[[ Data extracts, beginning ]]

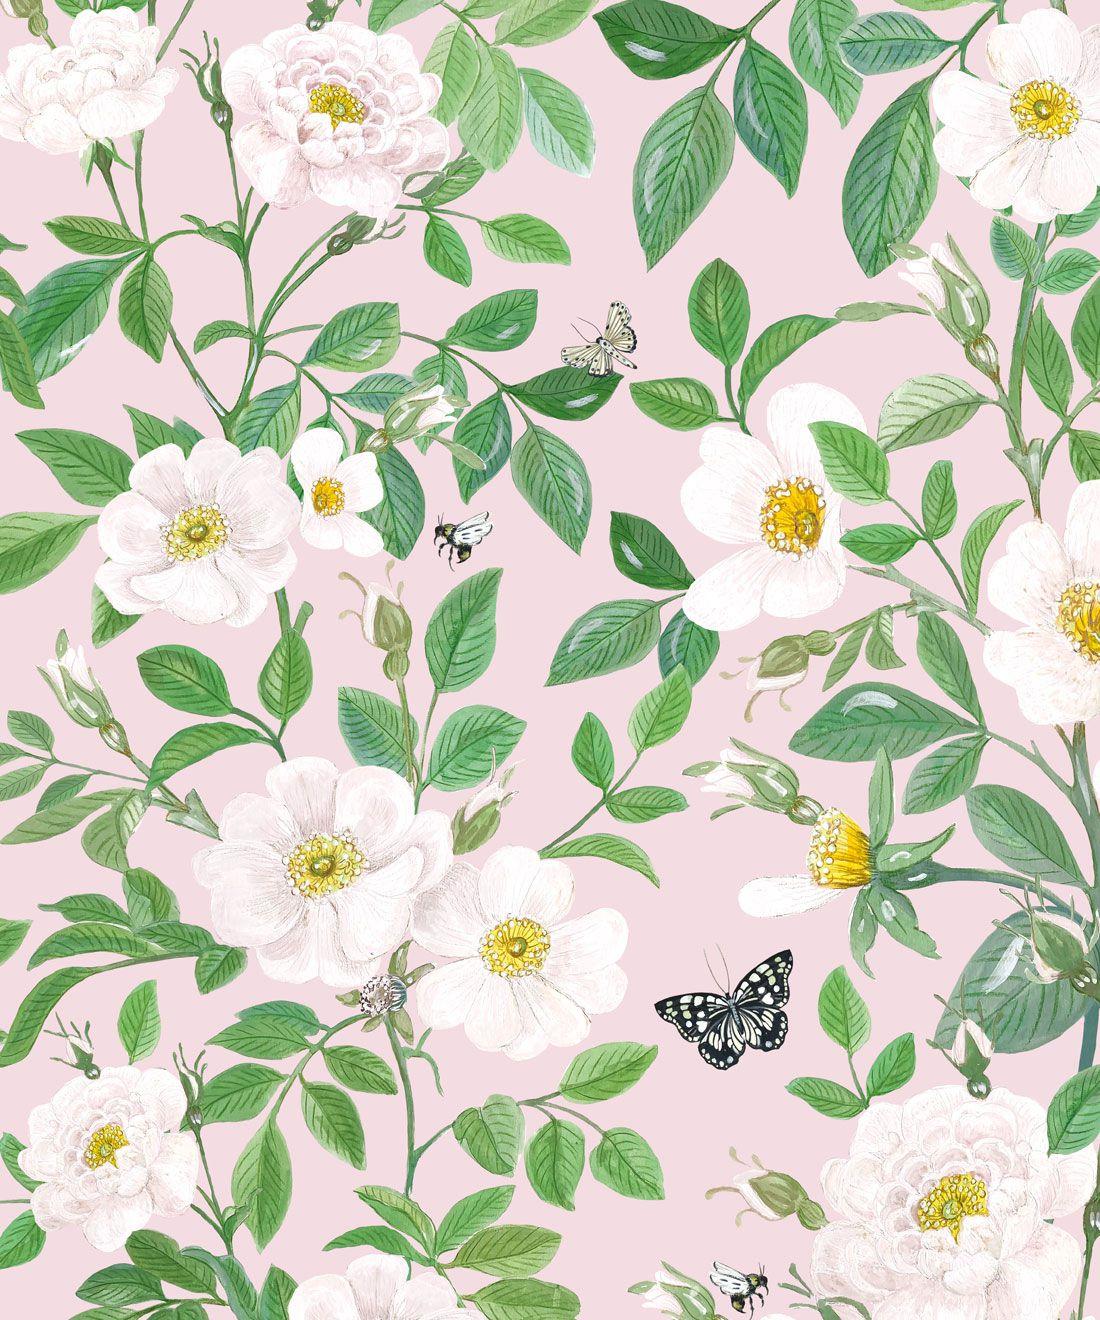 Rosa Wallpaper • Floral Wallpaper • Blush •Swatch
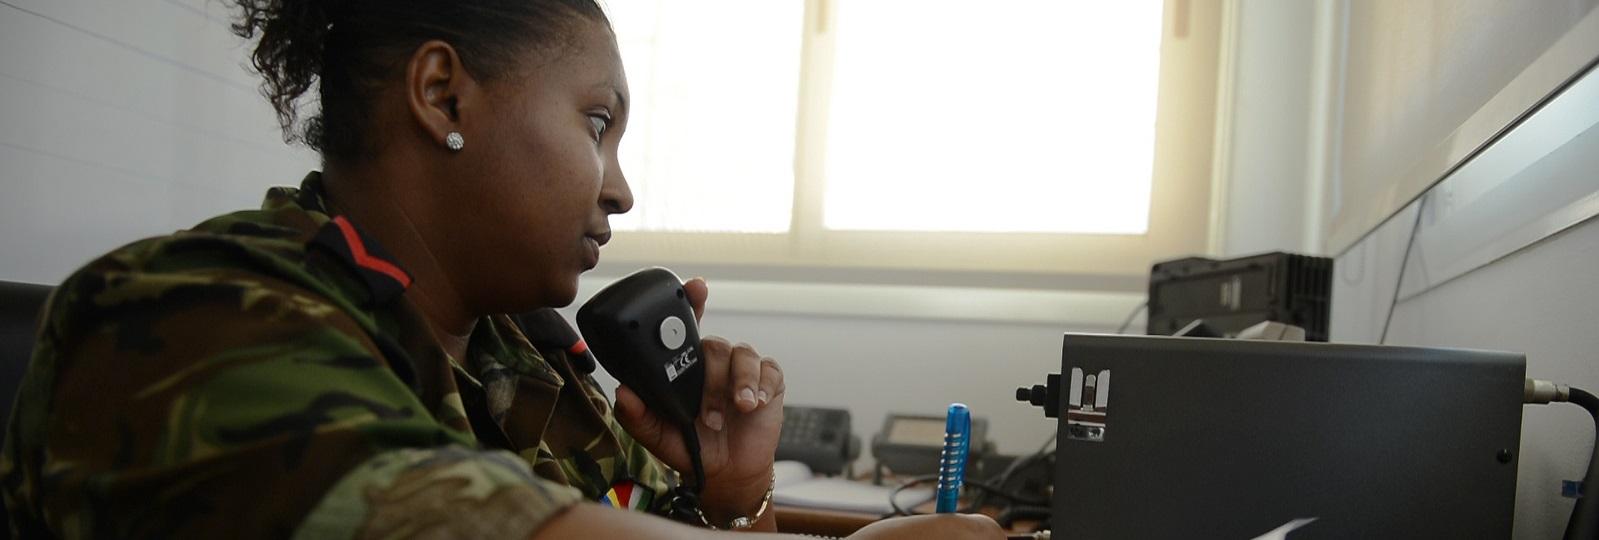 Lance Cpl. Hilary M. Leon, Seychelles Coast Guard radio operator
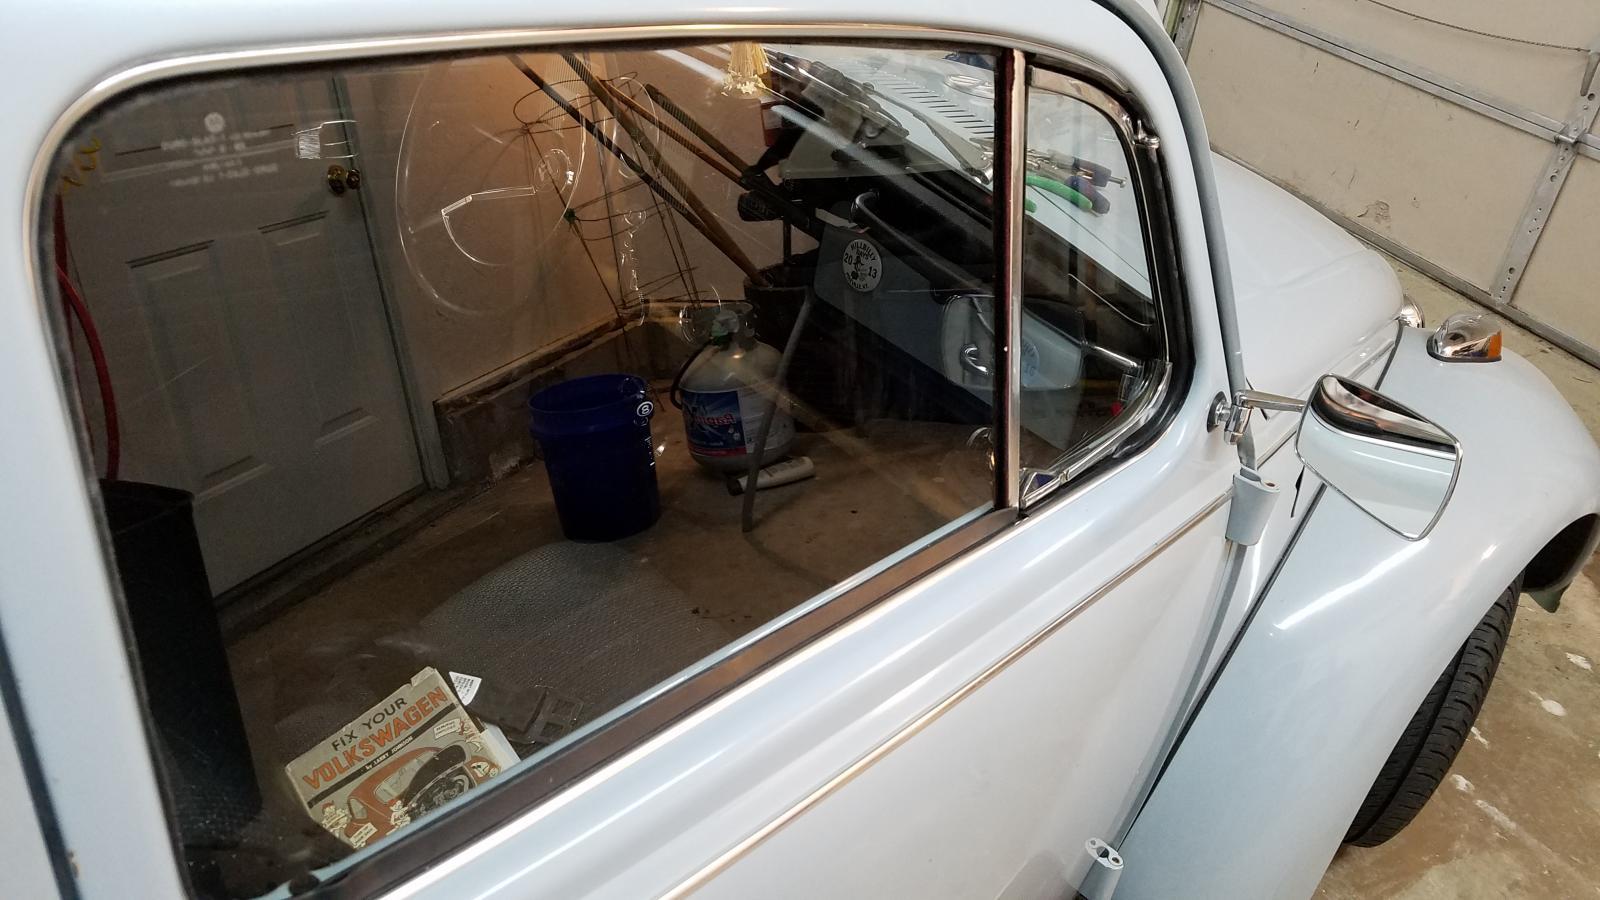 New Window Kit
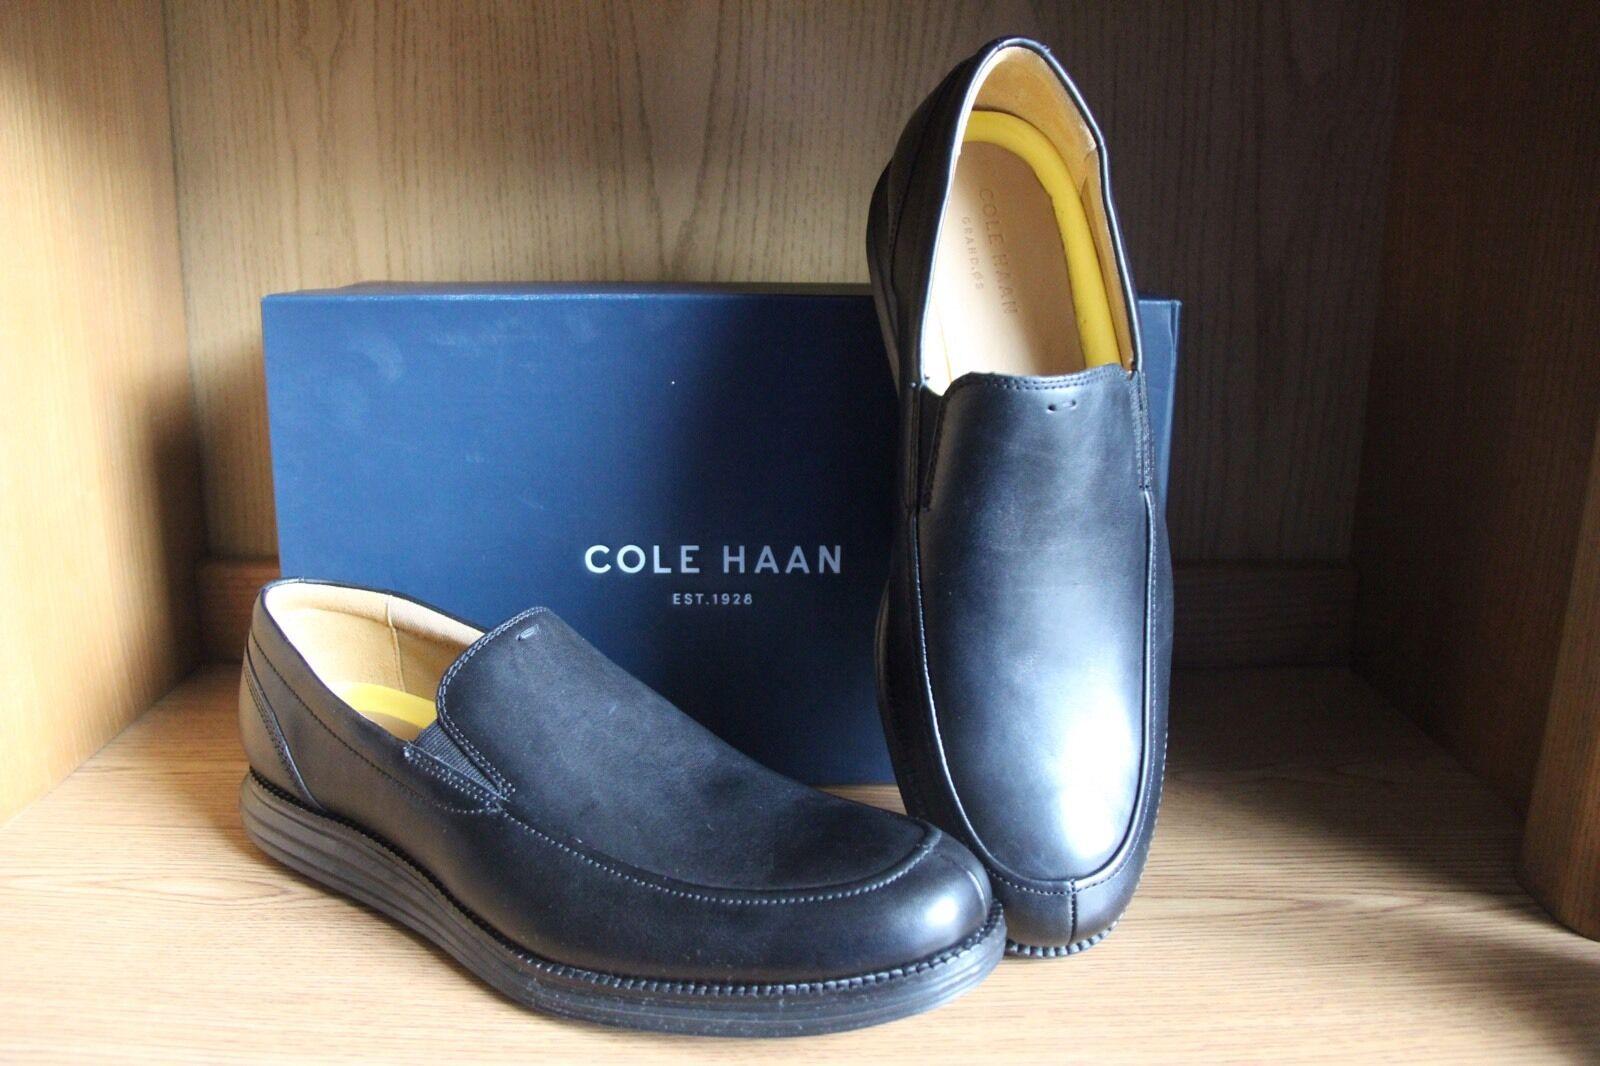 Cole Haan Original Grand Venetian Black Loafer Black Venetian Shoe Men Size 11.5  C20742 bc5281
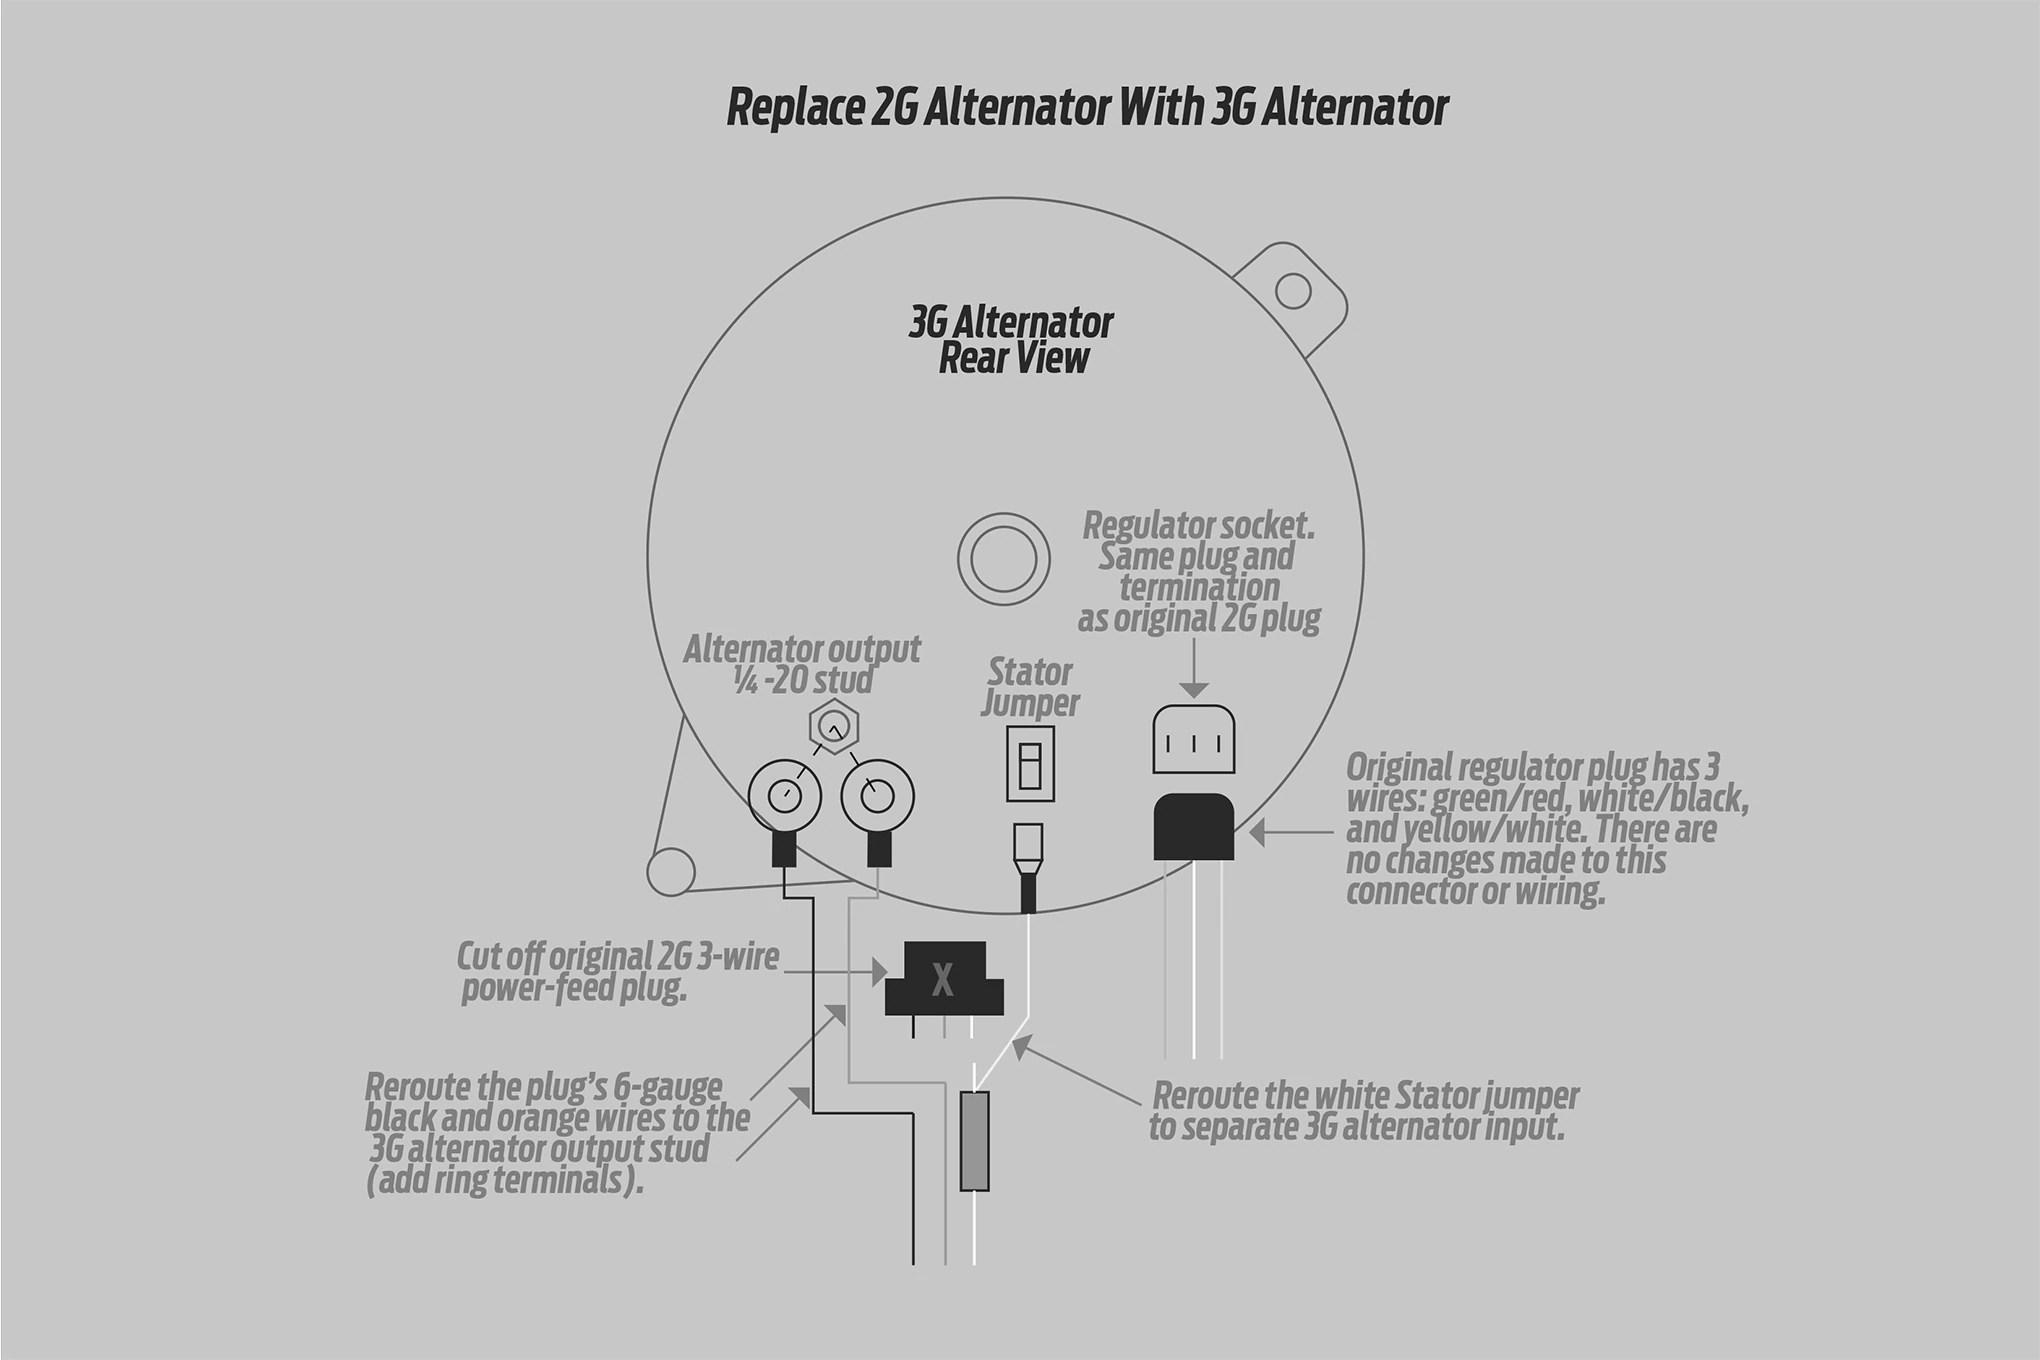 ron francis alternator wiring also ford 2g alternator wiring harness wiring diagram go [ 2040 x 1360 Pixel ]

[[ Data extracts, end ]]

- What you need to do
Leaving the pictures aside, give back all the records exactly as they are.

- Your solution
 Rosa Wallpaper • Floral Wallpaper • Blush •Swatch
 Lance Cpl. Hilary M. Leon, Seychelles Coast Guard radio operator
 New Window Kit
 Cole Haan Original Grand Venetian Black Loafer Black Venetian Shoe Men Size 11.5  C20742 bc5281
 ron francis alternator wiring also ford 2g alternator wiring harness wiring diagram go [ 2040 x 1360 Pixel ]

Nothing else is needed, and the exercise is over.